Alla stregua di tali rilievi, le Sezioni Unite, investite della nuova questione di particolare rilevanza, potranno esprimersi sulla configurabilità del diritto alla protezione umanitaria, nella vigenza dell’art. 5, comma 6, del d.lgs. n. 286 del 1998 ed in continuità con la collocazione nell’alveo dei diritti umani inviolabili ad esso attribuita dalla precedente pronuncia n. 24159 del 2019, nel caso in cui sia stato allegato ed accertato il “radicamento” effettivo del cittadino straniero, fondato su decisivi indici di stabilità lavorativa e relazionale, la cui radicale modificazione, mediante il rimpatrio, possa ritenersi idonea a determinare una situazione di vulnerabilità dovuta alla compromissione del diritto alla vita privata e/o familiare ex art. 8 CEDU, sulla base di un giudizio prognostico degli effetti dello “sradicamento” che incentri la valutazione comparativa sulla condizione raggiunta dal richiedente nel paese di accoglienza, con attenuazione del rilievo delle condizioni del paese di origine non eziologicamente ad essa ricollegabili15.

  1. Cass., n. 5358/2019; Cass., n. 23604/2017.
  2. V., in tal senso, Cass., n. 15466/2014.
  3. La tenuta della soluzione adottata da Cass. n. 4455/2018 è stata messa in dubbio, dalla I Sezione civile, con le ordinanze interlocutorie n. 11749, 11750, 11751 del 3 maggio 2019, di rimessione alle Sezioni Unite. Queste ultime, con le sentenze nn. 29459, 29460, 29461 del 13 novembre 2019, hanno però confermato l’orientamento precedente. La prima di tali pronunce è stata così massimata: «In tema di protezione umanitaria, l’orizzontalità dei diritti umani fondamentali comporta che, ai fini del riconoscimento della protezione, occorre operare la valutazione comparativa della situazione soggettiva e oggettiva del richiedente con riferimento al Paese di origine, in raffronto alla situazione d’integrazione raggiunta nel paese di accoglienza, senza che abbia rilievo l’esame del livello di integrazione raggiunto in Italia, isolatamente ed astrattamente considerato». Confermata, pertanto, la necessità di una valutazione comparativa tra la situazione di integrazione nel Paese di accoglienza e quella esistente nel Paese di provenienza. 

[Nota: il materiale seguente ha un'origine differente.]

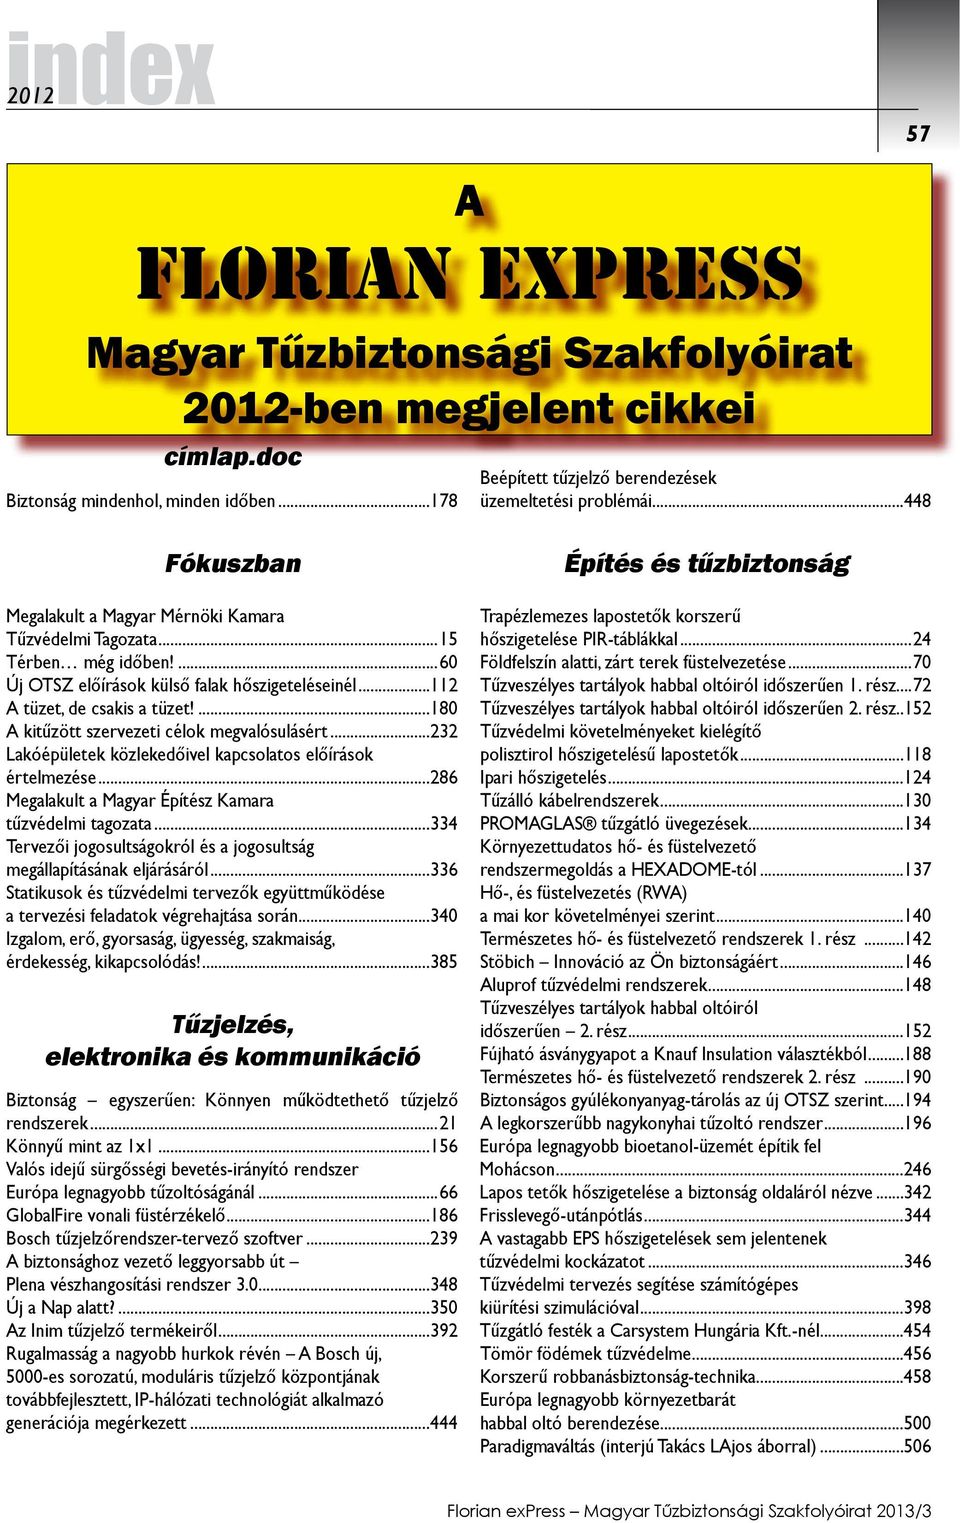 ...180 A kitűzött szervezeti célok megvalósulásért...232 Lakóépületek közlekedőivel kapcsolatos előírások értelmezése...286 Megalakult a Magyar Építész Kamara tűzvédelmi tagozata.
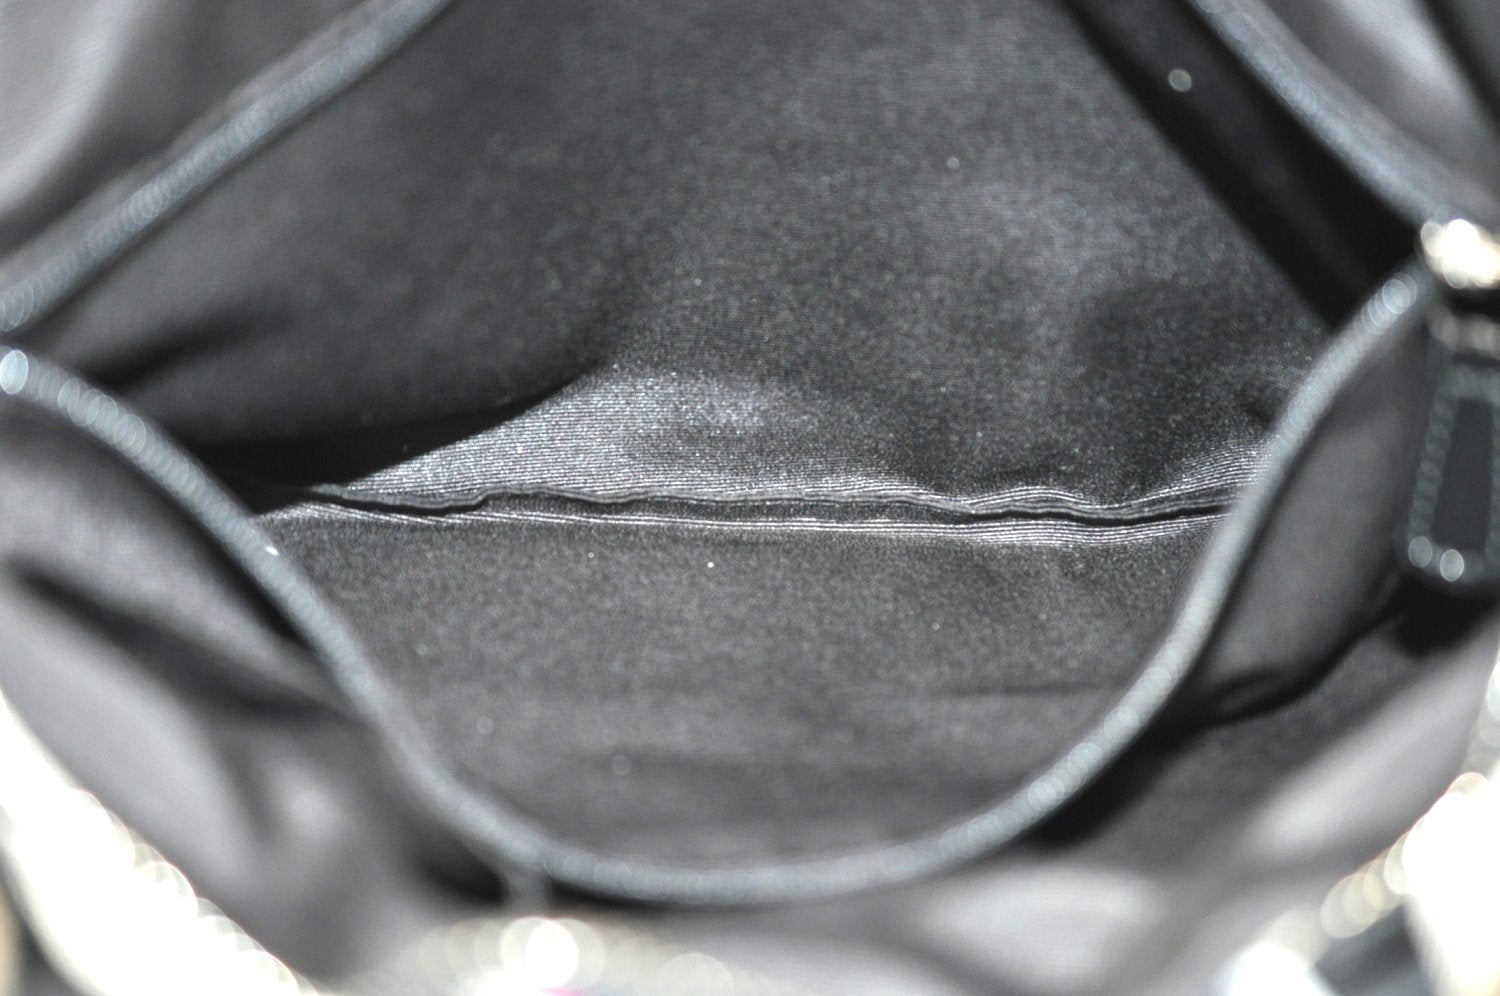 Authentic COACH Signature Shoulder Tote Bag Canvas Enamel F24666 Black K4134

  4. Tra le altre, Cass., n. 3746/2021; Cass., n. 24508/2020; Cass., Sez. Un., n. 29459/2019; Cass., n. 4455/2018.
  5. Tra le altre, Cass. n. 17072/2018; Cass, n. 11110/2019.
  6. Cass. n. 262/2021, n. 13573/2020, Cass. n. 16119/2020, Cass. n. 18808/2020.
  7. Cass. n. 1104/2020, Cass. n. 20894/2020. 
  8. Cass., n. 18443/2020.
  9. Cass., n. 16119/2020.
  10. Cfr. Cass., n. 3681/2019, n. 20334/2020, n. 17118/2020 e 33187/2019.
  11. Mehemi c. Francia, 26 settembre 1997, § 34, Recueil 1997-VI; Dalia, § 52; Boultif c. Svizzera, n. 54273/00, § 46, CEDU 2001 IX.
  12. [GC] n. 46410/99
  13. V., in tal senso, le sentenze 3 ottobre 2014, Jeunesse c. Paesi Bassi, 8 dicembre 2015, Z.H. e R.H. c. Svizzera, 12 gennaio 2017, Abuhmaid c. Ucraina, 26 aprile 2018, Hoti c. Croazia, 12 agosto 2020, Keita Sudita c. Ungheria.
  14. Cass. n. 5506/2021, Cass. n. 1347/2021. In relazione alla valutazione individuale della vita privata e familiare e alle situazioni atipiche di vulnerabilità dello straniero, da accertare caso per caso, cfr. Cass. n. 7599/2020, Cass. n. 8571/2020, Cass. n. 13088/2019, Cass. n. 9304/2019.
  15.  Cass., ord. int., n. 28316/2020.